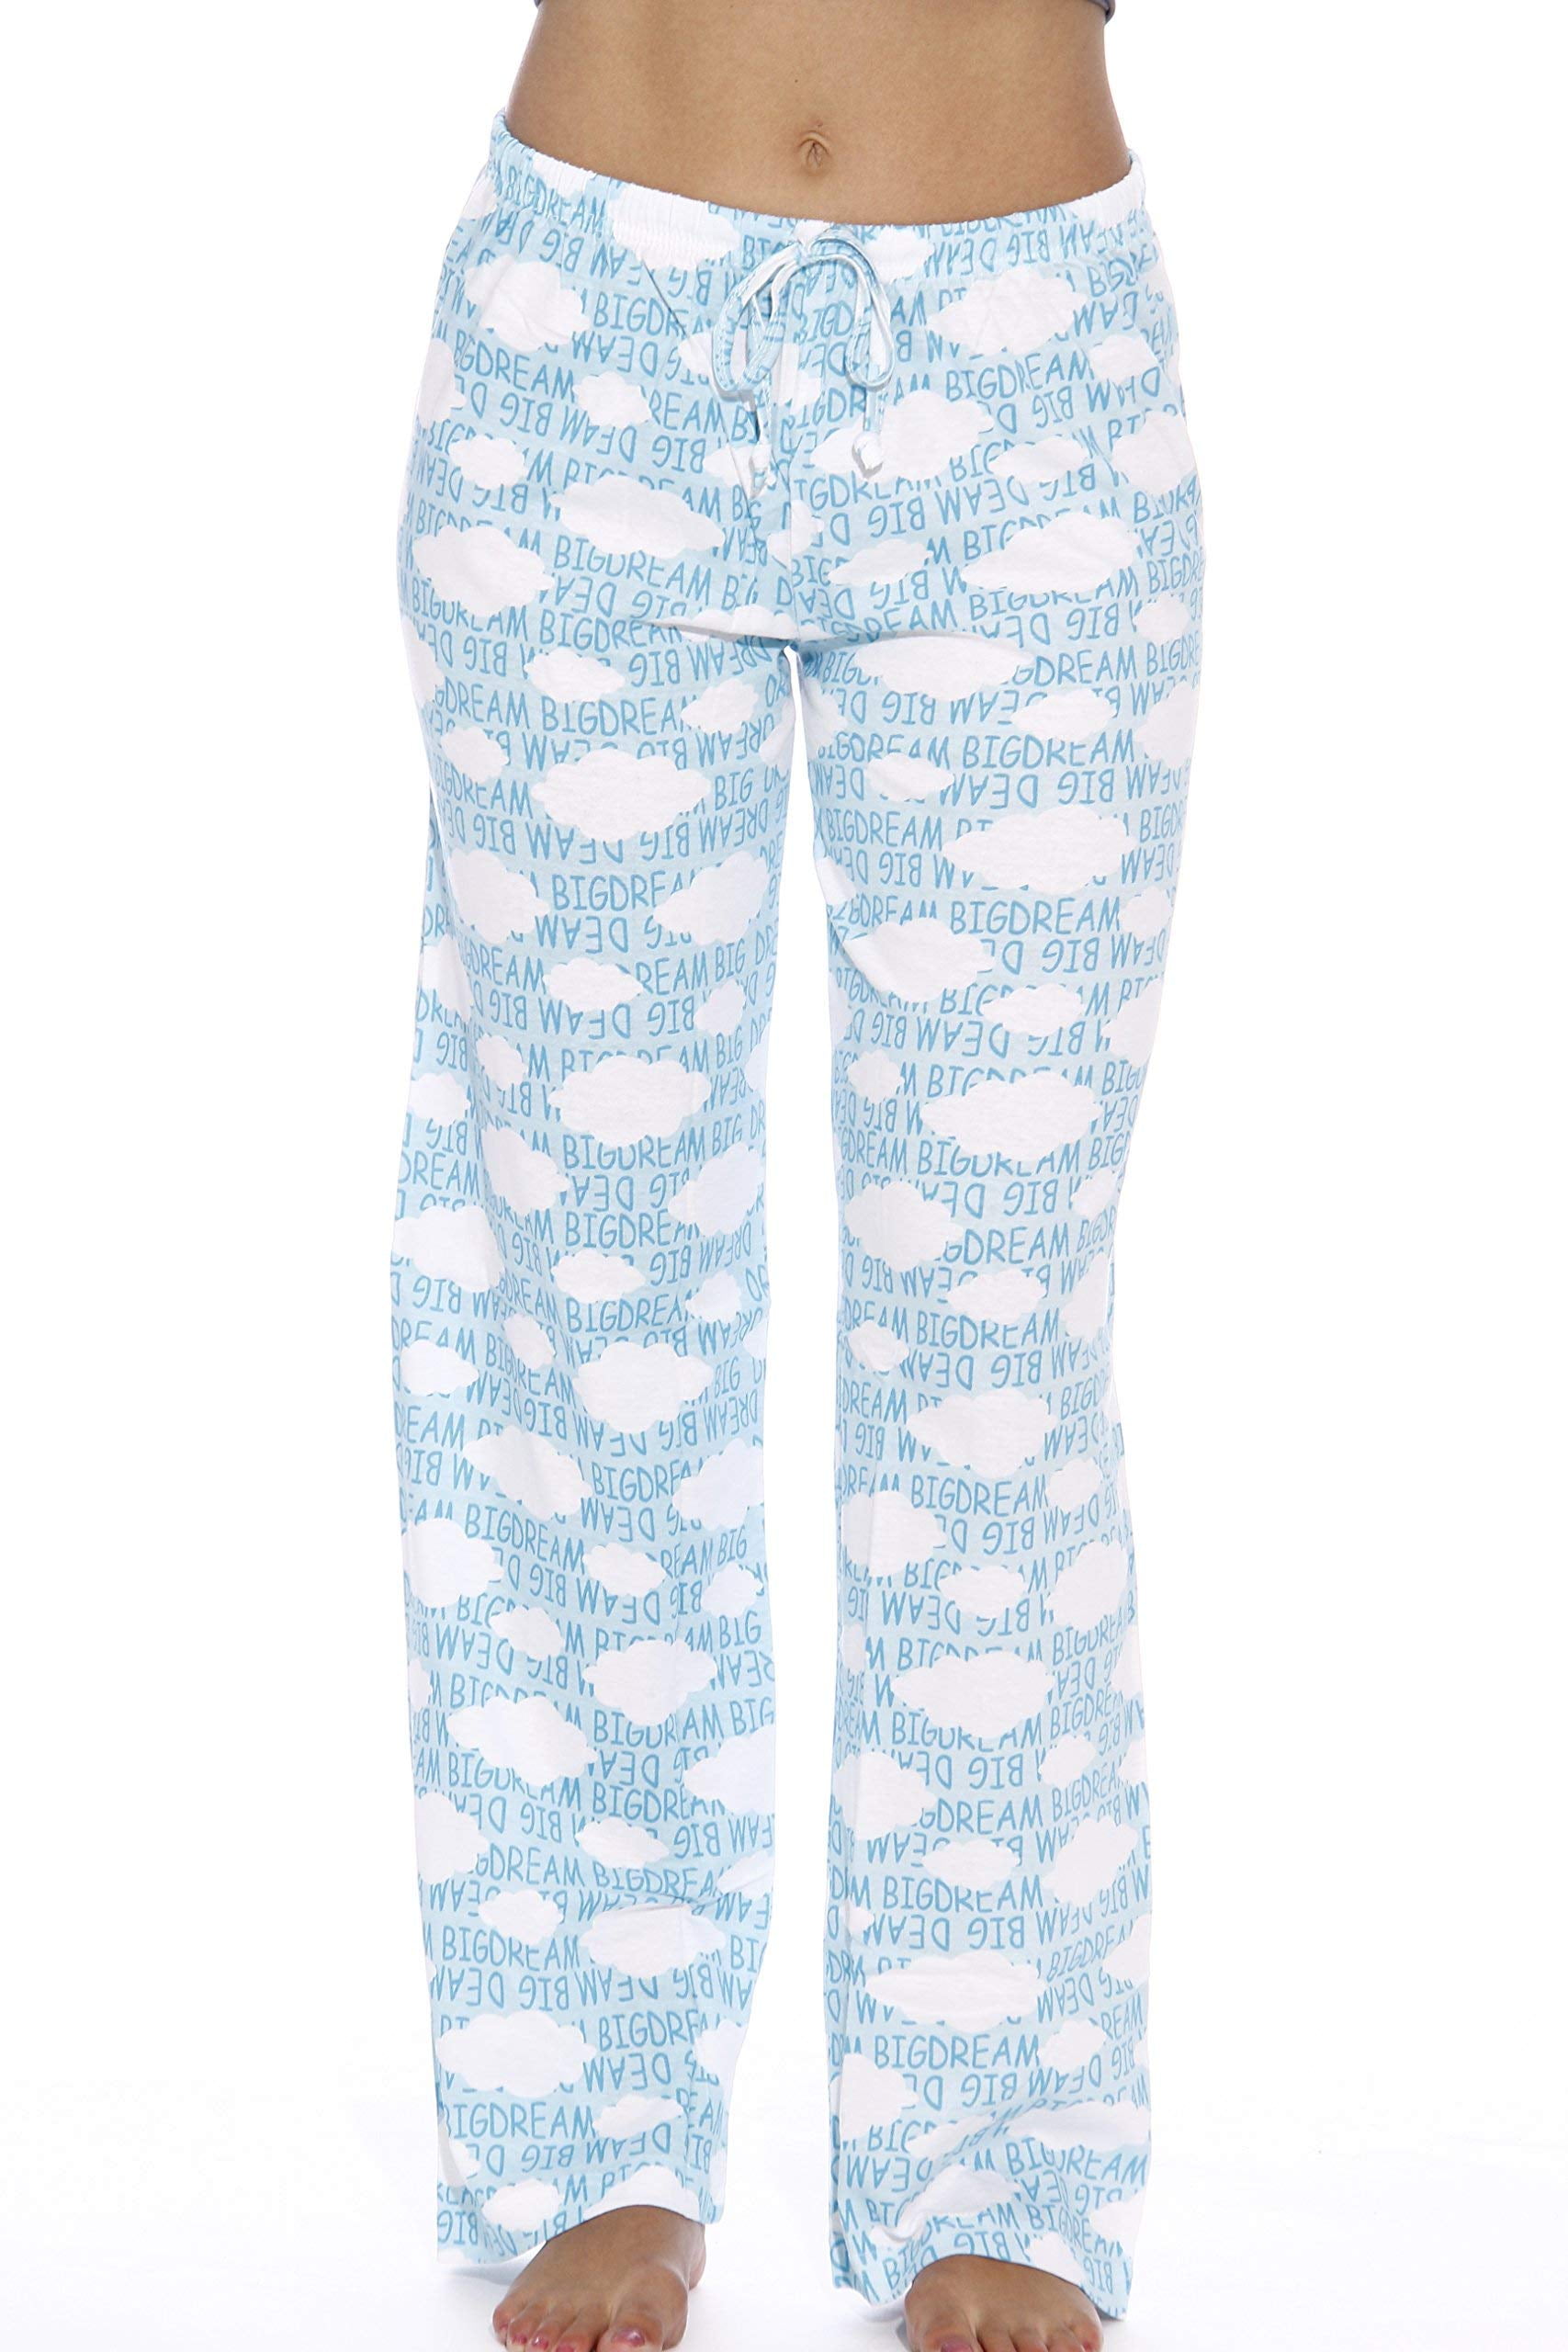 Just Love Women Pajama Pants / Sleepwear / Holiday Prints (Hearts White,  Medium)
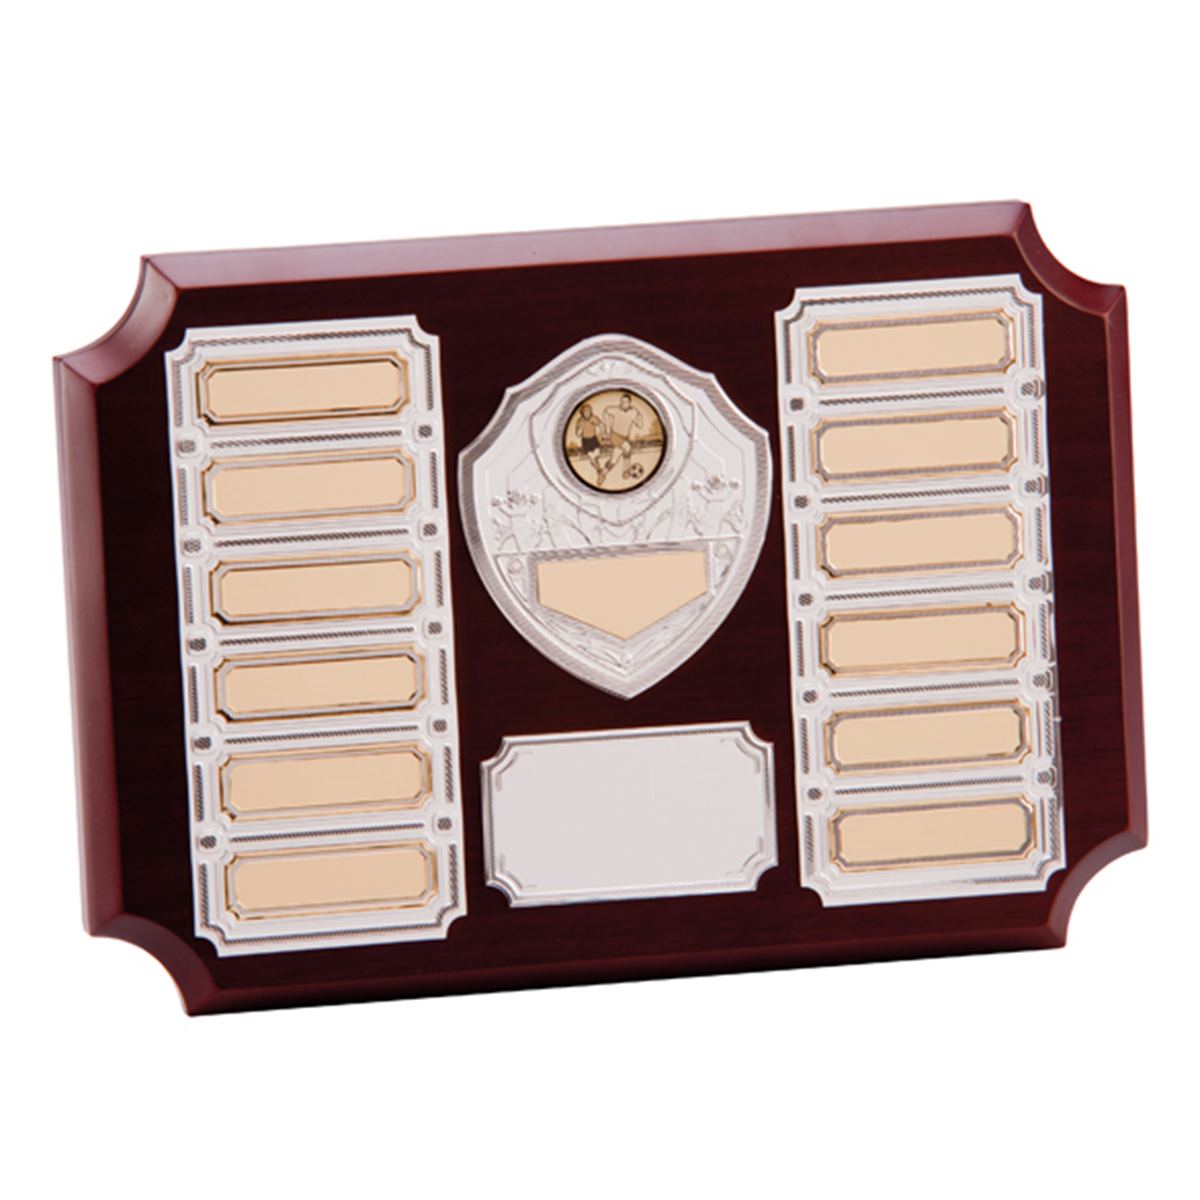 Premier Plaque Annual Shield Award - 12 Side Shields
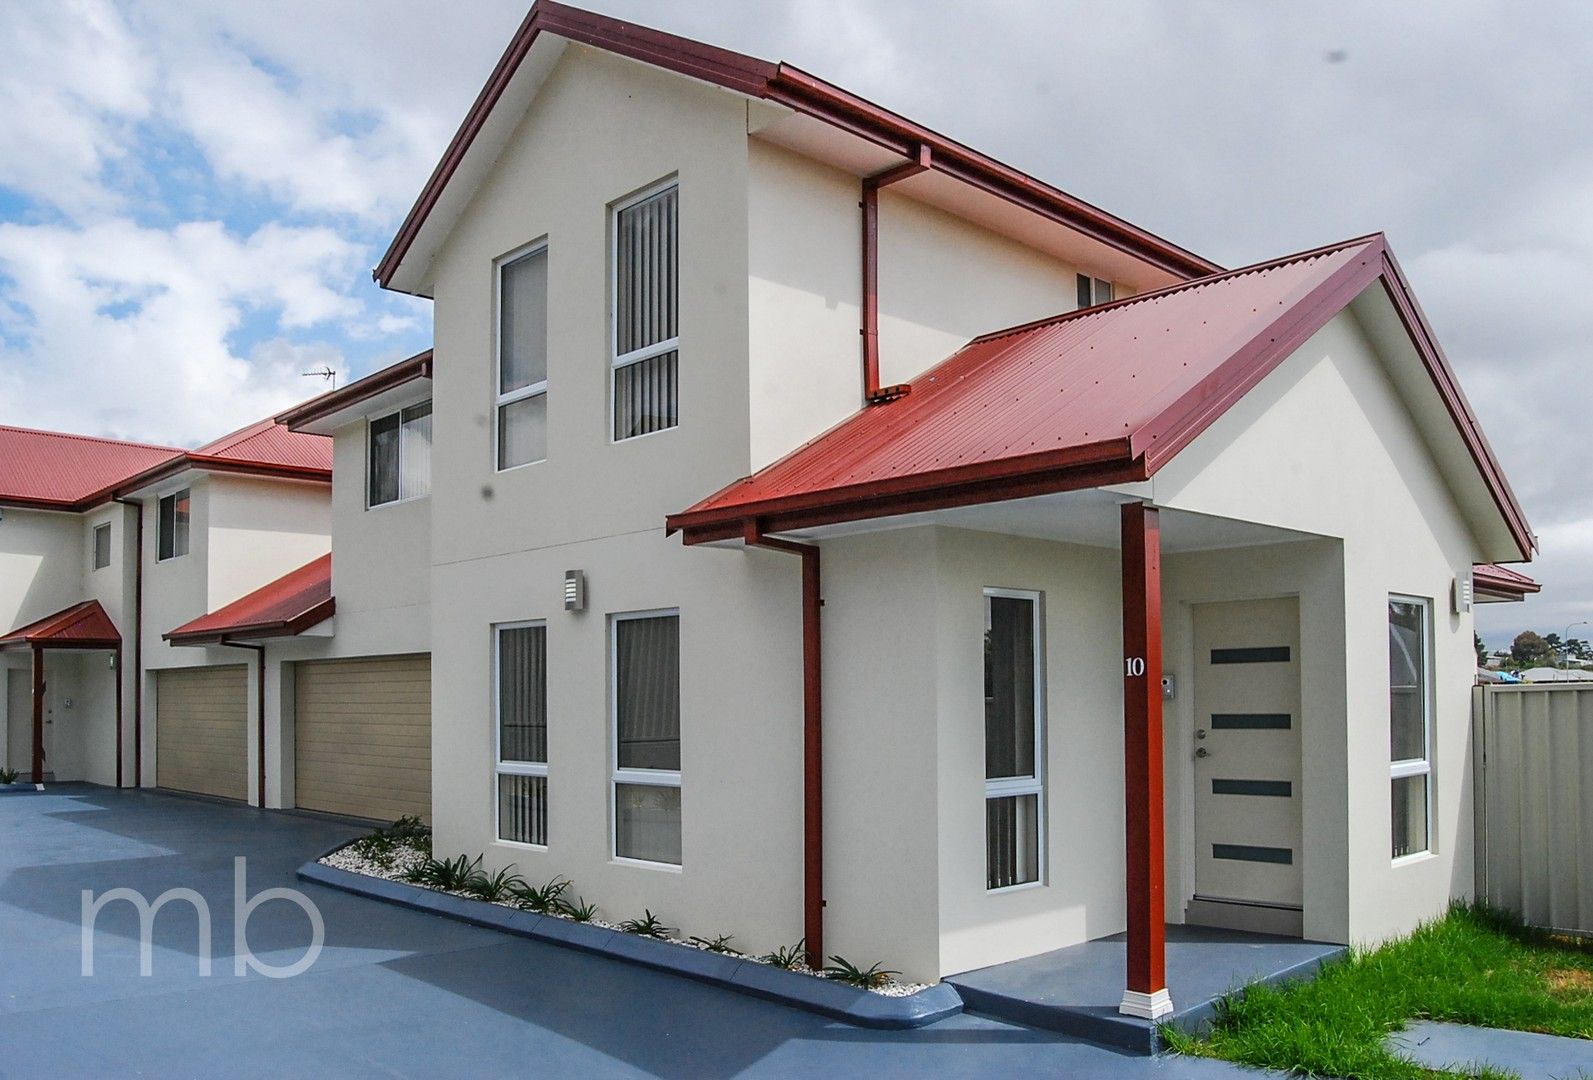 4 bedrooms Townhouse in 10/19 Moonstone Drive ORANGE NSW, 2800
★ ★ ★ ★
Work instructions:
I need the lines from the line containing "Premier Plaque Annual" through the final line of the listing duplicated exactly, both ends included, with no pictures and nothing else.

Written response:
 Premier Plaque Annual Shield Award - 12 Side Shields
 4 bedrooms Townhouse in 10/19 Moonstone Drive ORANGE NSW, 2800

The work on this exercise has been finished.